Até a Lava Jato do Rio havia se negado a celebrar um acordo com Cabral, assim como a de Curitiba recusara a proposta de Antonio Palocci. A PF tomou para a si a empreitada. Contra a manifestação da Procuradoria-Geral da República, Edson Fachin homologou o acordo. Inquéritos foram abertos e encerrados após nova manifestação da PGR. E havia o tal anexo contra Toffoli, anteriormente recusado pelo próprio MPF.
Não
é persecução penal, mas caçada pessoal. A lei 12.850 —excrescência aprovada em
2013, quando Dilma estava nas cordas em razão dos delírios opostos e combinados
que tomavam as ruas— torna o país refém ou de chantageados pelo que chamo Papol
(Partido da Polícia, que inclui setores da PF, do MP e do Judiciário) ou de
pilantras, como Cabral e Palocci, que resolvem falar depois de saberem o que
não sabem sobre eles.
O
pedido de investigação contra Toffoli é um acinte e um deboche. Cabral,
que se confessou "viciado em poder e dinheiro" —e seria,
então, de se indagar por que estaria curado—, afirma a um policial federal que
ouviu dizer que o ministro, quando no TSE, teria vendido uma sentença. O que há
além da fala do delator? Nada!
Foi
o bastante para Guidali. É o mesmo delegado que teve a ousadia de pedir, em
2019, a prisão
temporária da ex-presidente Dilma Rousseff para que esta, alegou ele,
não criasse obstáculos a uma investigação sobre algo supostamente ocorrido
cinco anos antes. Estupefaciente! Essa rotina de abusos tem de ter fim.
Não
é aceitável uma lei que permita a delação "em qualquer fase da persecução
penal", como está no texto, ou bandidos conduzirão a Justiça e a polícia,
ao invés de ser conduzidos. Não é aceitável ter um Ministério Público com poder
de polícia, o que a Constituição não lhe confere. Não é aceitável uma Polícia
Federal com poder de Ministério Público, o que a lei também não lhe faculta.
Eis uma boa pauta para Arthur Lira (PP-AL), presidente da Câmara.
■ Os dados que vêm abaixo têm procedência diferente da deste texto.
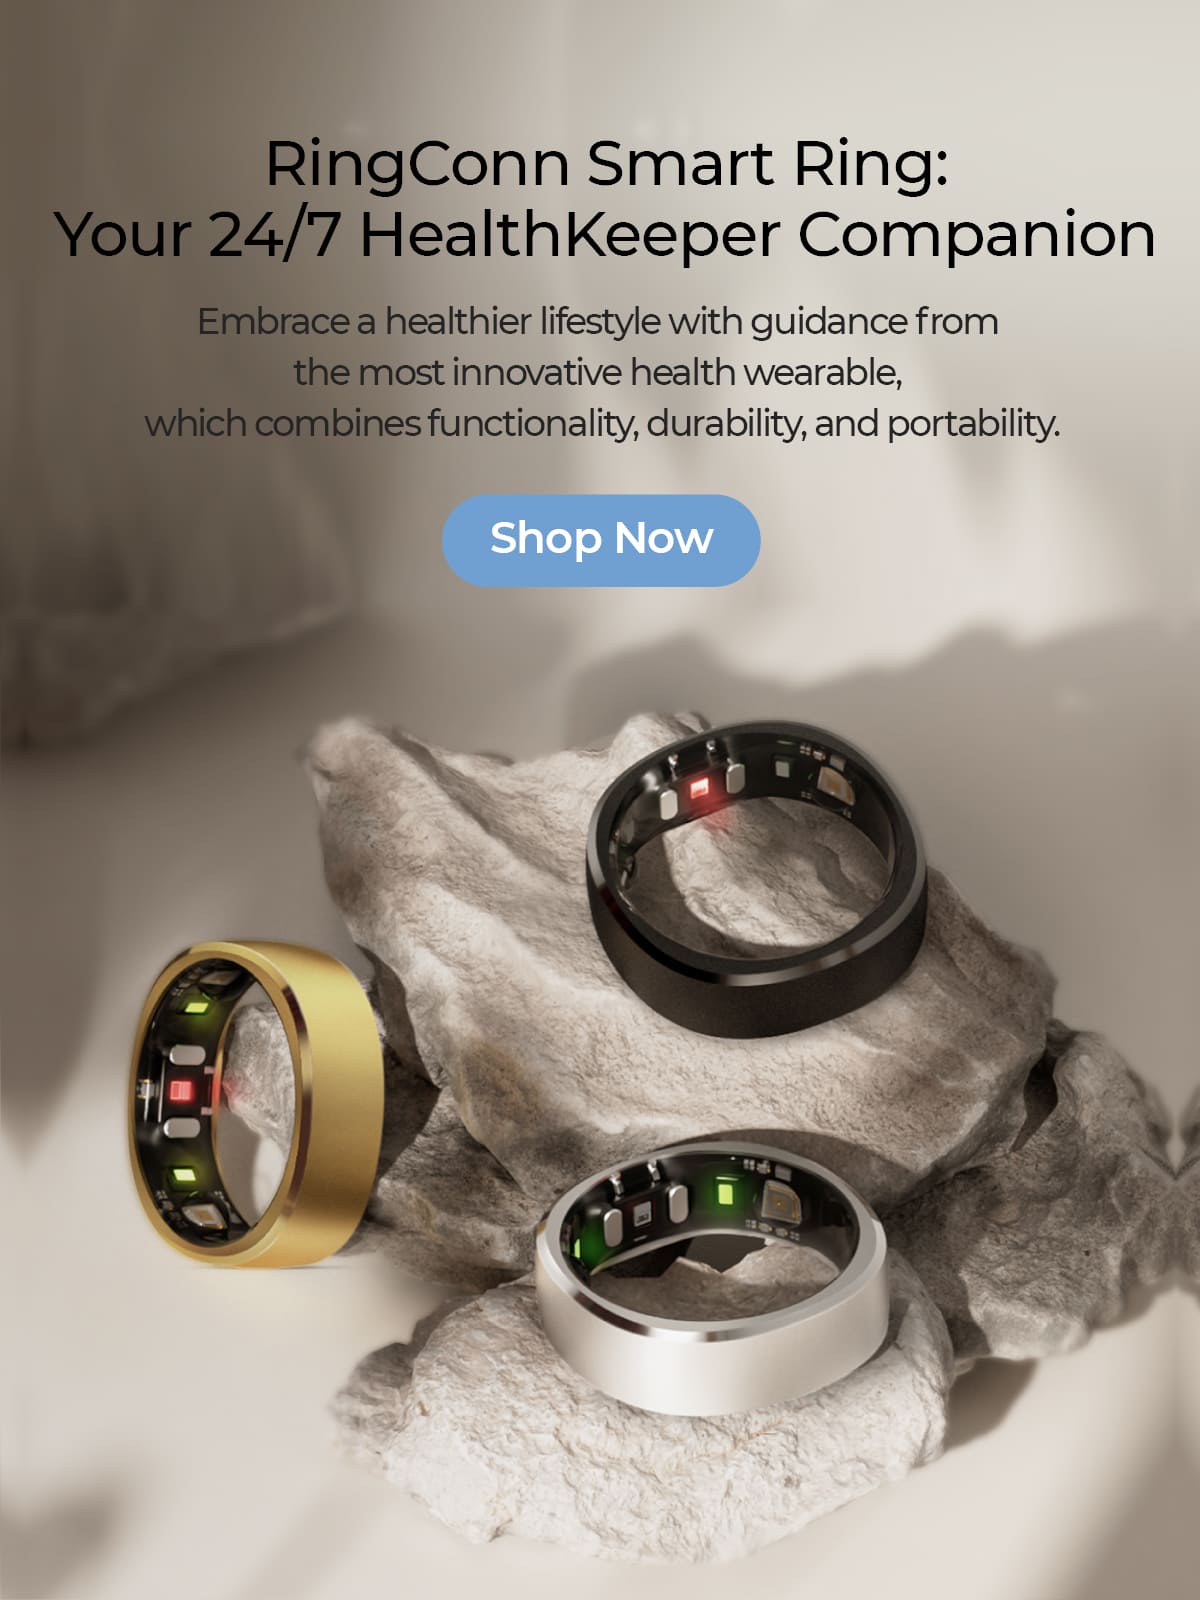 ringconn smart ring for health

Mas ele está
muito ocupado tentando cassar prerrogativas da oposição ou alimentando teorias
conspiratórias sobre urna eletrônica.
Engana-se
quem acha que essa questão diz respeito apenas a Toffoli. Como numa peça de Gil
Vicente, ela fala de "Todo Mundo" e de "Ninguém". Quando um
ministro do STF está sujeito ao arbítrio, então é certo que o problema é de
"Todo Mundo", e, por consequência, "Ninguém" está seguro.
A
força-tarefa do Rio recusou a patuscada de Cabral, mas a Lava Jato era e, em
espírito, é mais ampla do que o Ministério Público. E, por isso, um bolsão da
PF resolveu levar a farra acusatória de Cabral adiante. Duvido que Guidali
acredite que o caso prosperará. Ocorre que a eficácia da iniciativa não está na
abertura da investigação —que se sabe impossível nos termos dados—, mas na
depredação do STF. Nesse sentido, o objetivo foi alcançado.
A quem interessa? A todos os autoritários que ajudaram a matar quase 430 mil pessoas. Bolsonaro e a necropolítica são legados do ataque às instituições, de que o pedido do delegado morista é expressão.